#### Exercise brief:
Set each entry down verbatim, omitting images.

[Stored entries]
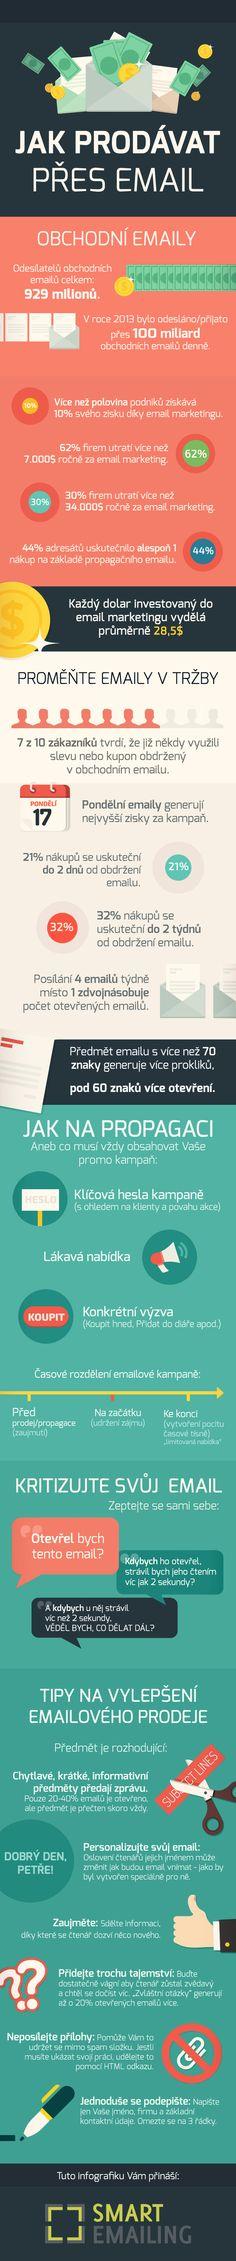 SE_infografika_JakProdavatPresEmail
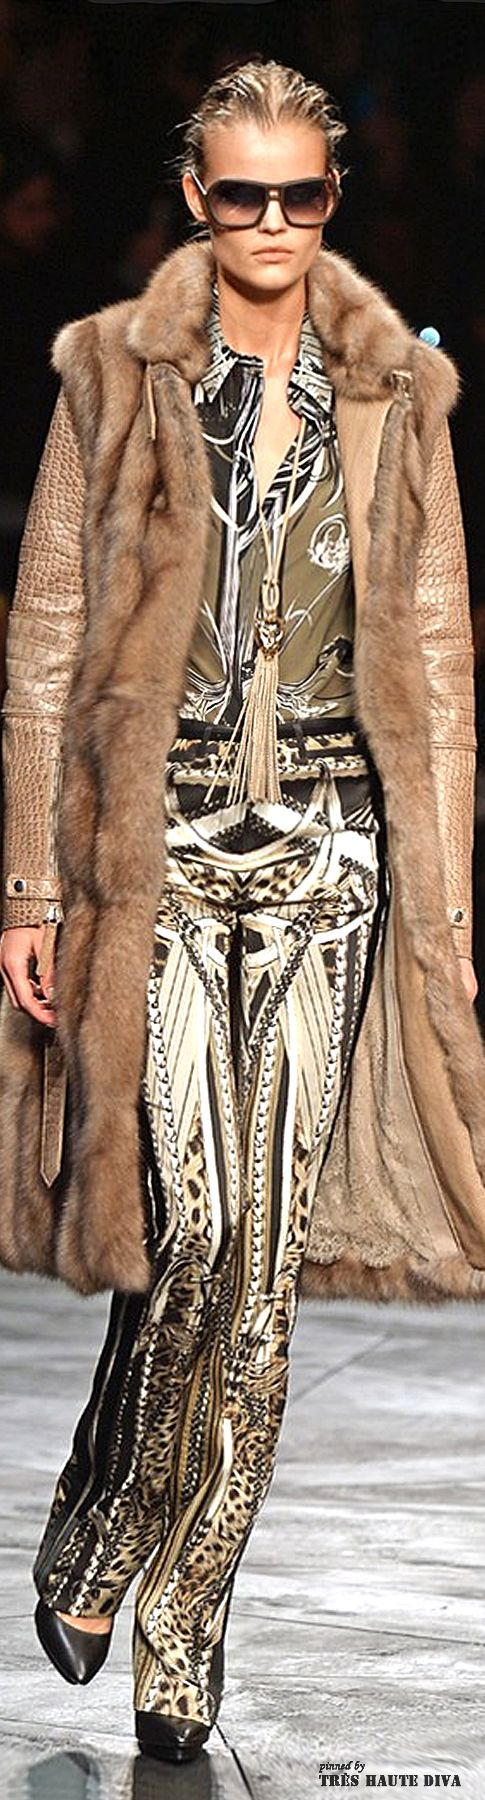 #Milan Fashion Week Roberto Cavalli Fall/Winter 2014 RTW
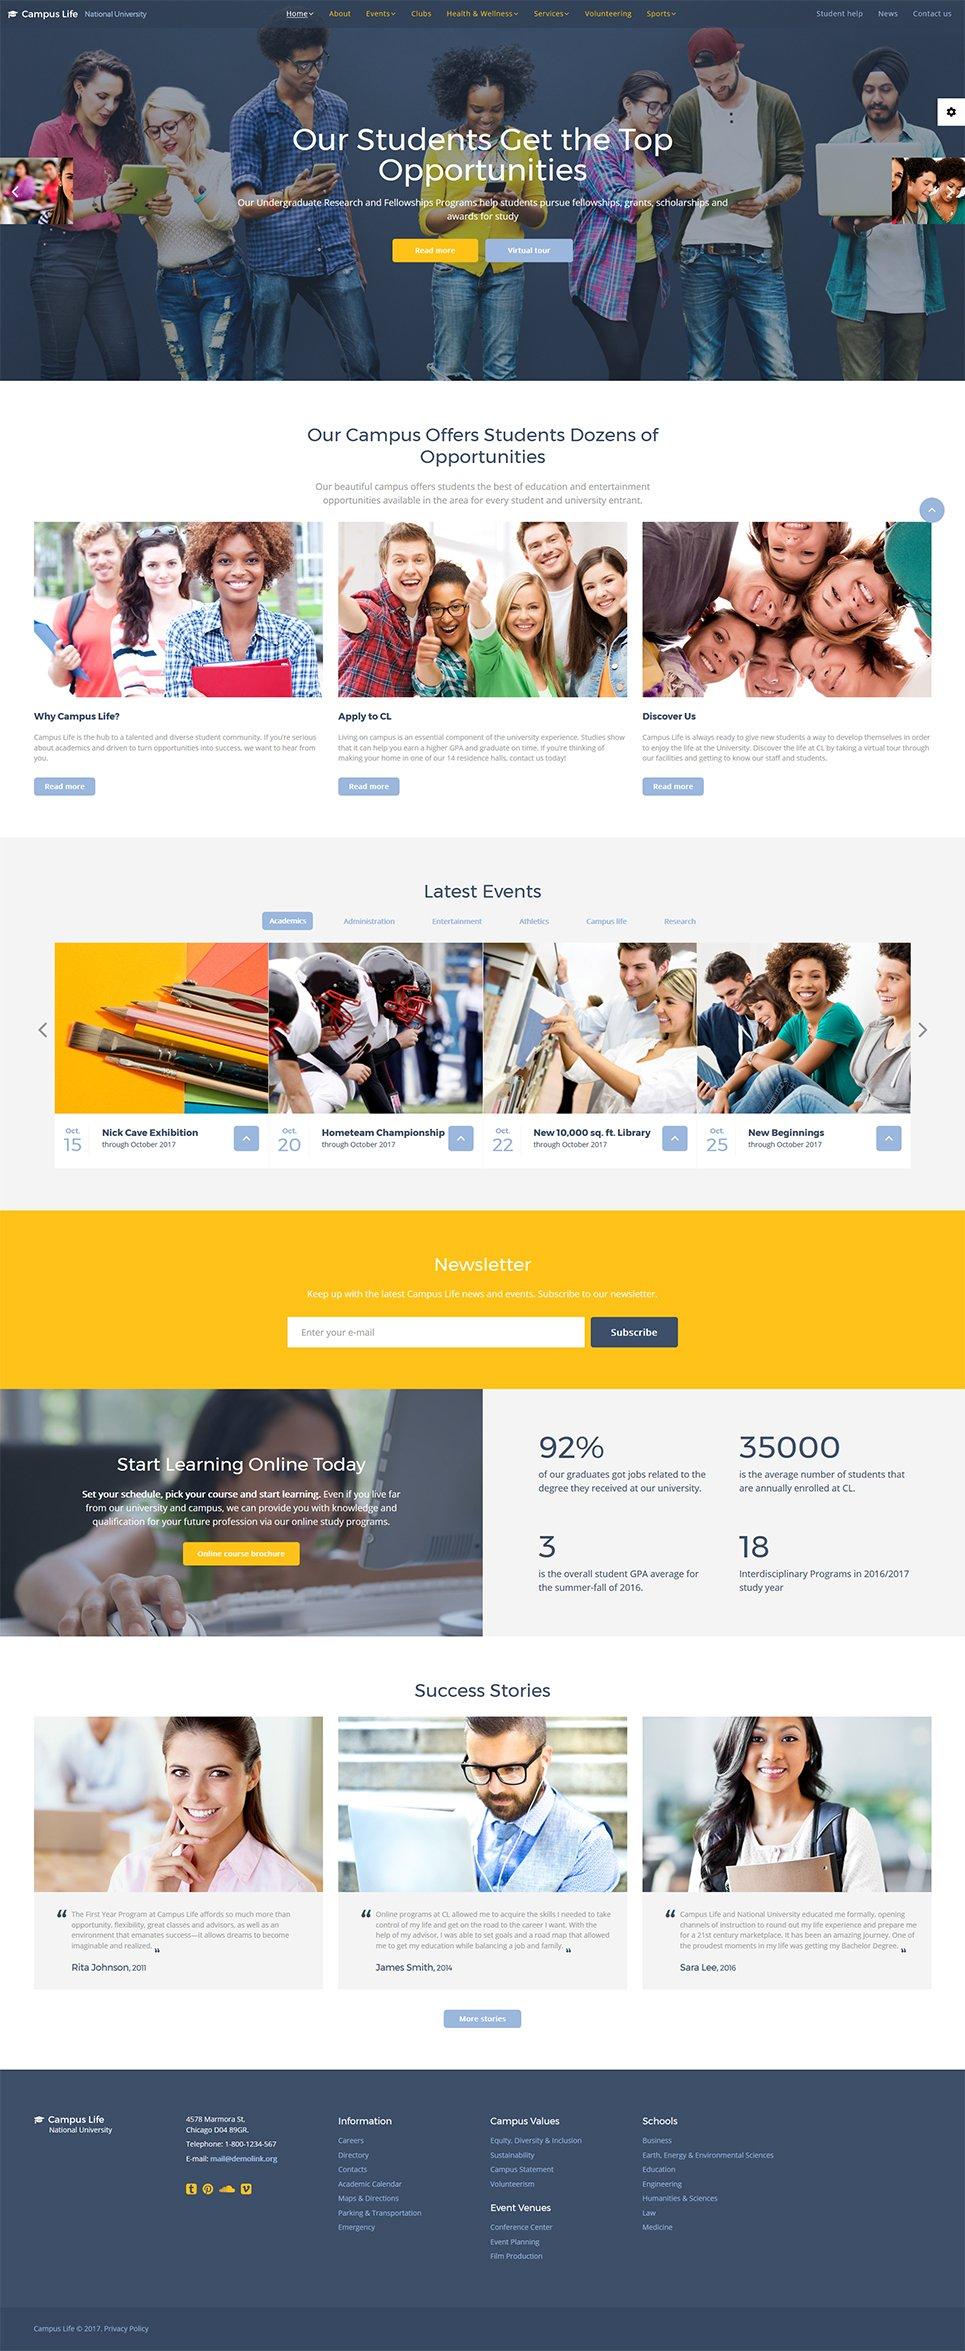 """Campus Life - National University Multipage"" modèle web adaptatif #61281"
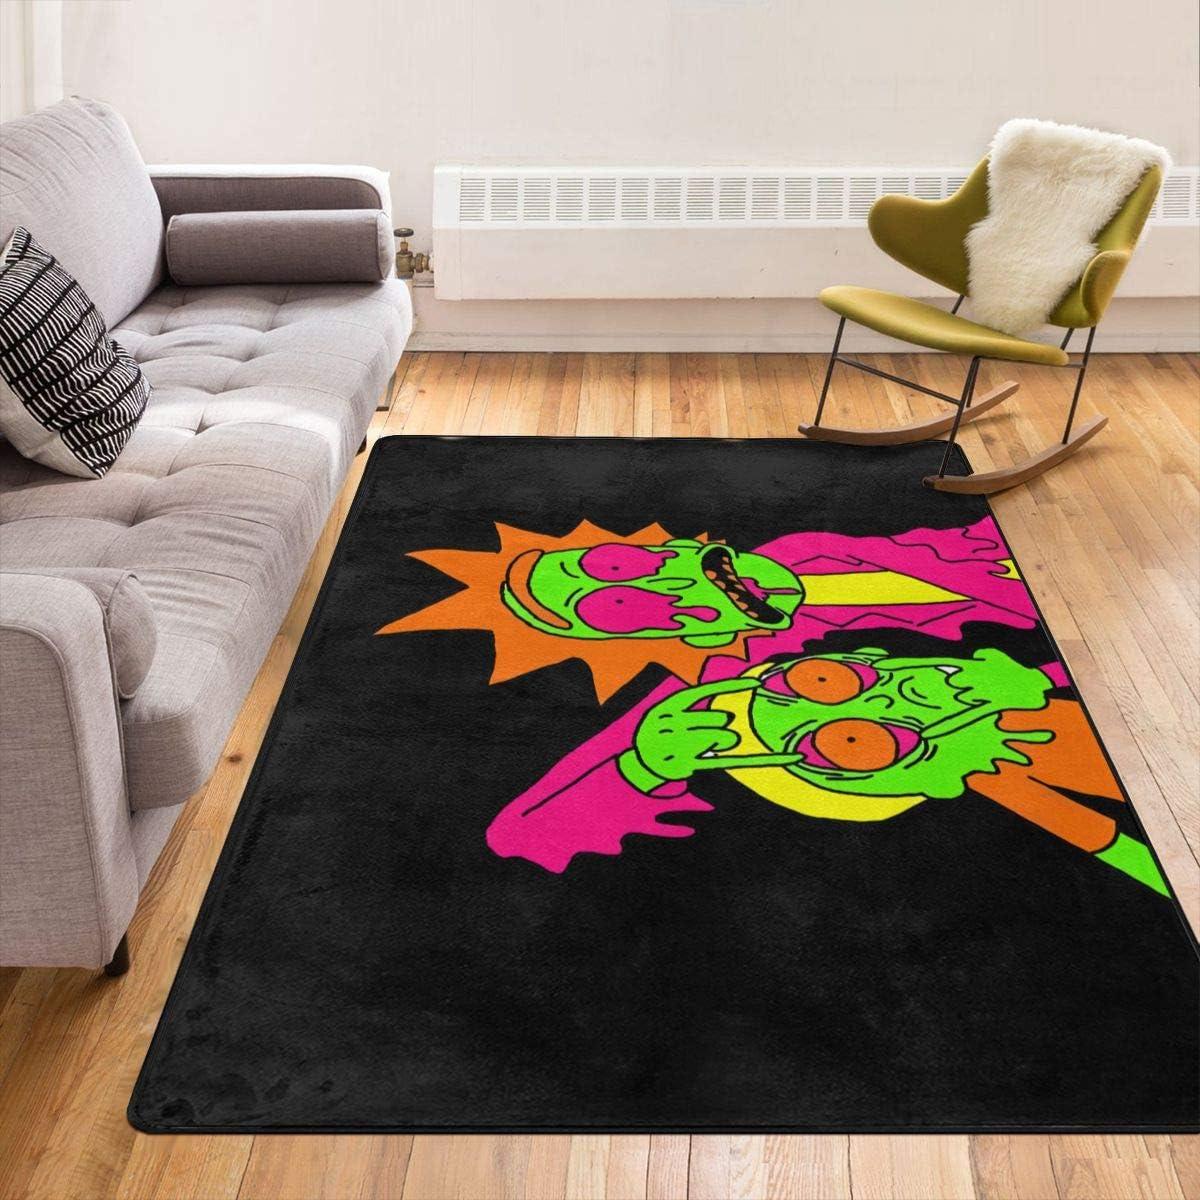 Zuzuzj Rick&Morty Home Decor Non-Slip Indoor Outdoor Floor Mat Large Area Rug Machine Washable Carpet Decor Living Room Dining Room Play Room Carpet 80 X 58 Inches
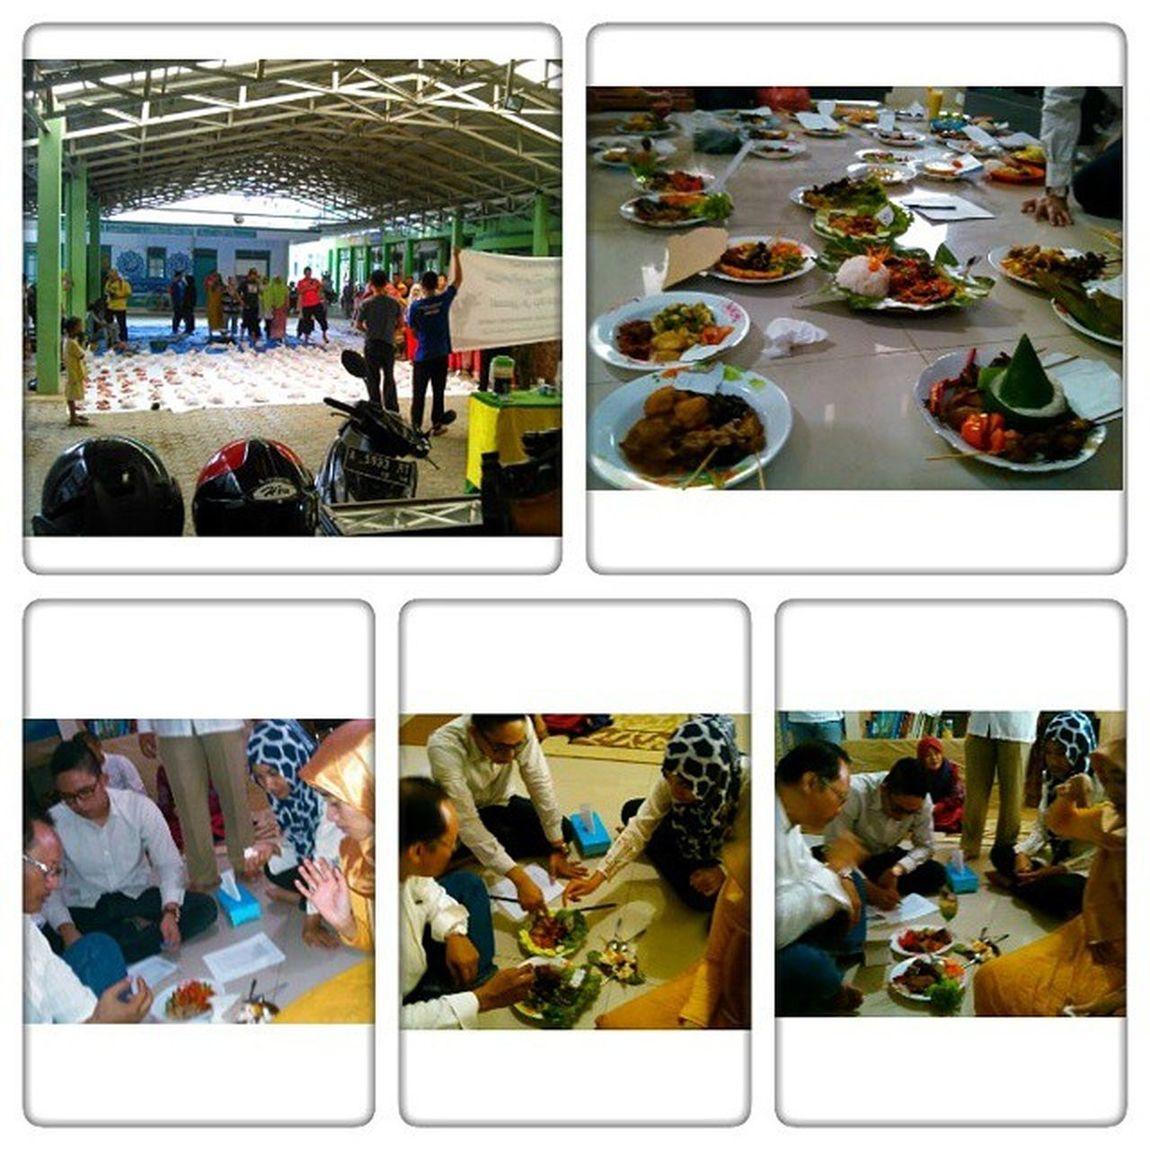 Pesantren daal al azhar Rangkasbitung Banten , merayakan Eid al adha sekaligus jadi juri tamu lomba masak antar kelas
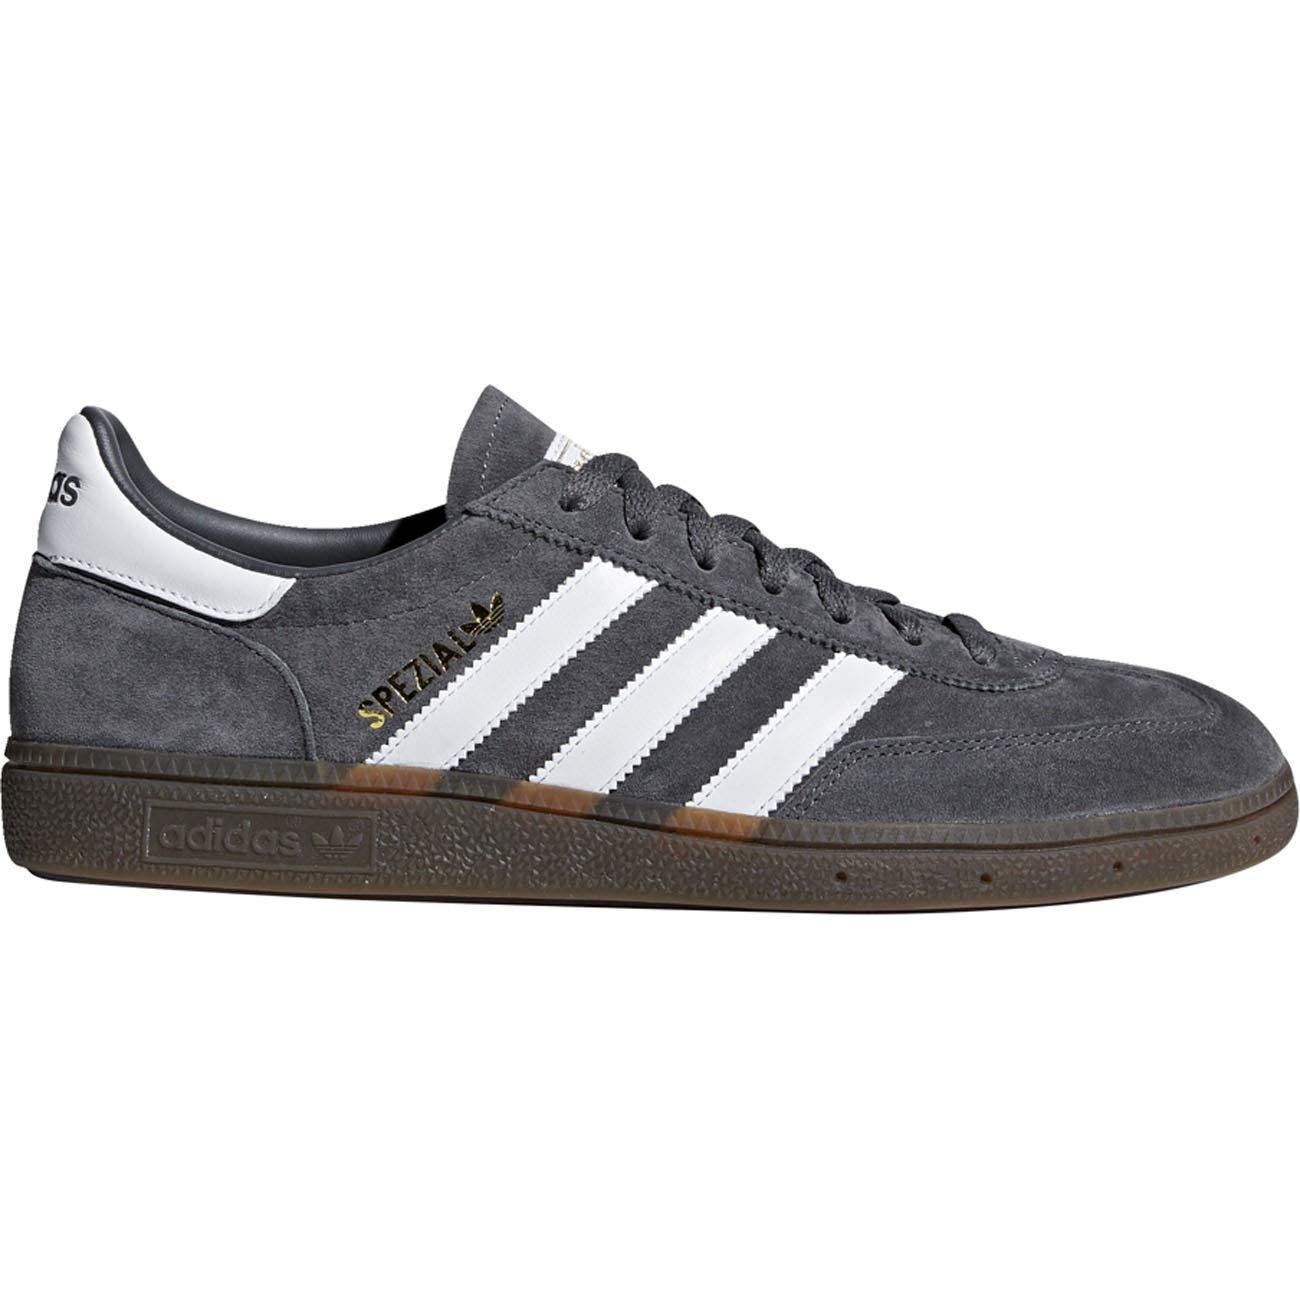 adidas Men's Handball Spezial Fitness Shoes

#### Solution for this task:
 SE_infografika_JakProdavatPresEmail
 #Milan Fashion Week Roberto Cavalli Fall/Winter 2014 RTW
 """Campus Life - National University Multipage"" modèle web adaptatif #61281"
 Zuzuzj Rick&Morty Home Decor Non-Slip Indoor Outdoor Floor Mat Large Area Rug Machine Washable Carpet Decor Living Room Dining Room Play Room Carpet 80 X 58 Inches
 Pesantren daal al azhar Rangkasbitung Banten , merayakan Eid al adha sekaligus jadi juri tamu lomba masak antar kelas
 adidas Men's Handball Spezial Fitness Shoes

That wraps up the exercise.